Mar 6, 2010

Review: The Splendour Falls

Rosemary Clement Moore
  • ARC: 512 pages
  • Publisher: UK Corgi Childrens (28 Jan 2010)
  • ISBN-10: 0552561355
  • ISBN-13: 978-0552561358
  • Source: ARC from fiercebook
  • My rating: 4/5
Sylvie Davies is a ballerina who can't dance. A broken leg ended her career, but what broke her heart was her father's death, and what's breaking her spirit is her mother's remarriage. Still reeling Sylvie is shipped off to stay with relatives in the back of beyond. Or so she thinks, in fact she ends up in a town rich with her family's history ...and as it turns out her family has a lot more history than Sylvie ever knew. More unnerving, though, are the two guys she can't stop thinking about. Shawn Maddox, the resident golden boy, is the expected choice. But handsome and mysterious Rhys has a hold on her that she doesn't quite understand. Then Sylvie starts seeing things - a girl by the lake and a man with dark unseeing eyes peering in through the window ...Sylvie's lost nearly everything - is she starting to lose her mind as well?

I loved this book. It was so cute and neat and nice and I didn't want it to end. Lucky for me, it's quite a long one, over 500 pages.

I should mention first that this is probably not a book for those who love fast-paced, action-packed paranormal romances. The Splendour Falls is quite a slow one. Starting with a prologue explaining Sylvie's fatal injury, it does seem to be happening very fast at the beginning as she gets shipped off from Manhattan to Alabama, heart-broken and hurt, questioning her own common sense. But once she arrives in Alabama,  the story takes on a nice, relaxed Southern laziness that I could clearly feel radiating from the pages.

It's hard to say what's so compelling about this book. Surely it's not one to keep you at the edge of your seat, but I enjoyed reading it, and could barely put it down. Each chapter holds a surprise. It may not be an epic one, but it will have you spell-bound and anxious to find out what happens next. There is some magic woven into the story, toward the end the suspense grows but it's all  dosed very carefully. Much more, it conveys an atmosphere of the healing power of nature and rediscovering the purpose of your life. The main question is, if you could use magic for your own gain, would you do it even if it means destruction and disharmony on the other side of the line? What are you willing to risk for your own happiness?

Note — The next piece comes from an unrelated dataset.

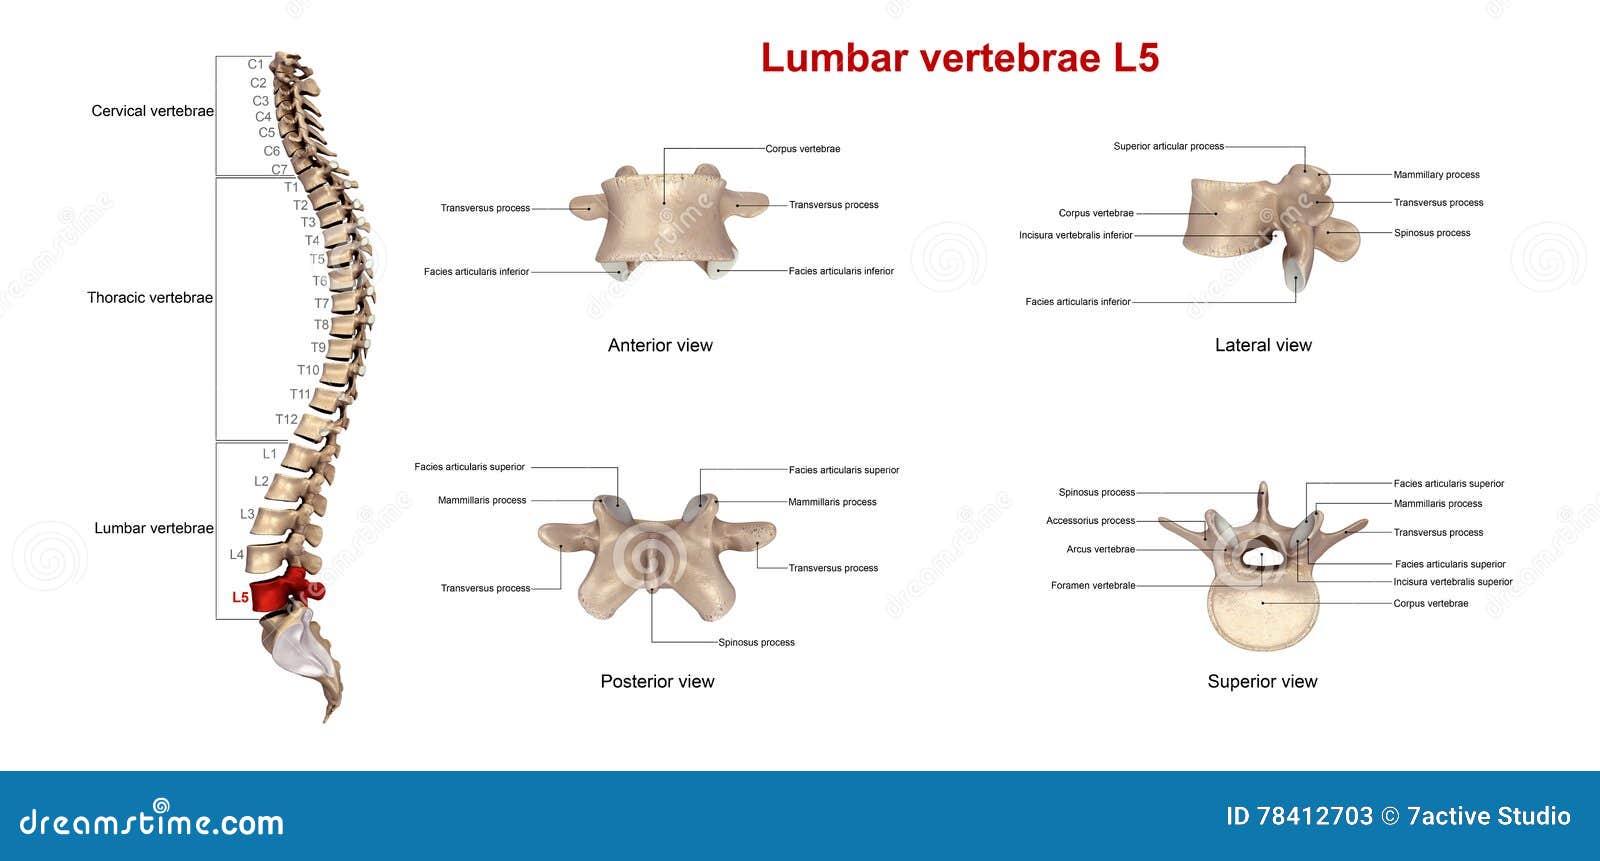 Lumbar vertebrae L5 stock illustration. Illustration of neck - 78412703

Sylvie is a lovable character. Her pain, the emotional and physical alike, feels genuine. Her sarcastic remarks are funny; she is spontaneous and  though shaken she is self-confident and knows to take her stand. Of course there is the inevitable love triangle, a confused girl, a mysterious guy and the Mr Perfect guy. I admit, I fell in love with Rhys. Deep sigh. How do you not fall for a guy with a charming Welsh accent? Generally speaking, there's an array of interesting and nicely crafted characters with strong and unique voices.

My only complaint is that there is a lot of page-fillers. We follow Sylvie from the moment she wakes up in the morning to the moment she falls asleep. There's a nice lot that could have been cut out without damaging the story. It would gain some pace and the sudden outburst of events at the end wouldn't feel so abrupt. The ending was...well, let me just say, not so enjoyable. Everything that includes children being violated and murdered, no matter how effective it may be for the story...sorry, you lost me there. No complaints on the writing, either; the voice sounds perfectly in tone with the characters and the setting. 

If you have a green thumb and enjoy gardening, this is a book for you. Rosemary's garden descriptions are beautiful. She actually makes you smell the scent of grass, feel the cool of the morning dew, see the silver moonlight and hear the rush of the river. The ghostly atmosphere will send chilly spikes down your spine. Rosemary Clement-Moore wrote a nice, easy to read and enjoyable novel that works just fine without the pressure of having to be an adrenalin rush. More than once I thought about what a good movie it would make. If you're tired of vampires, zombies, werewolves and such, try this book.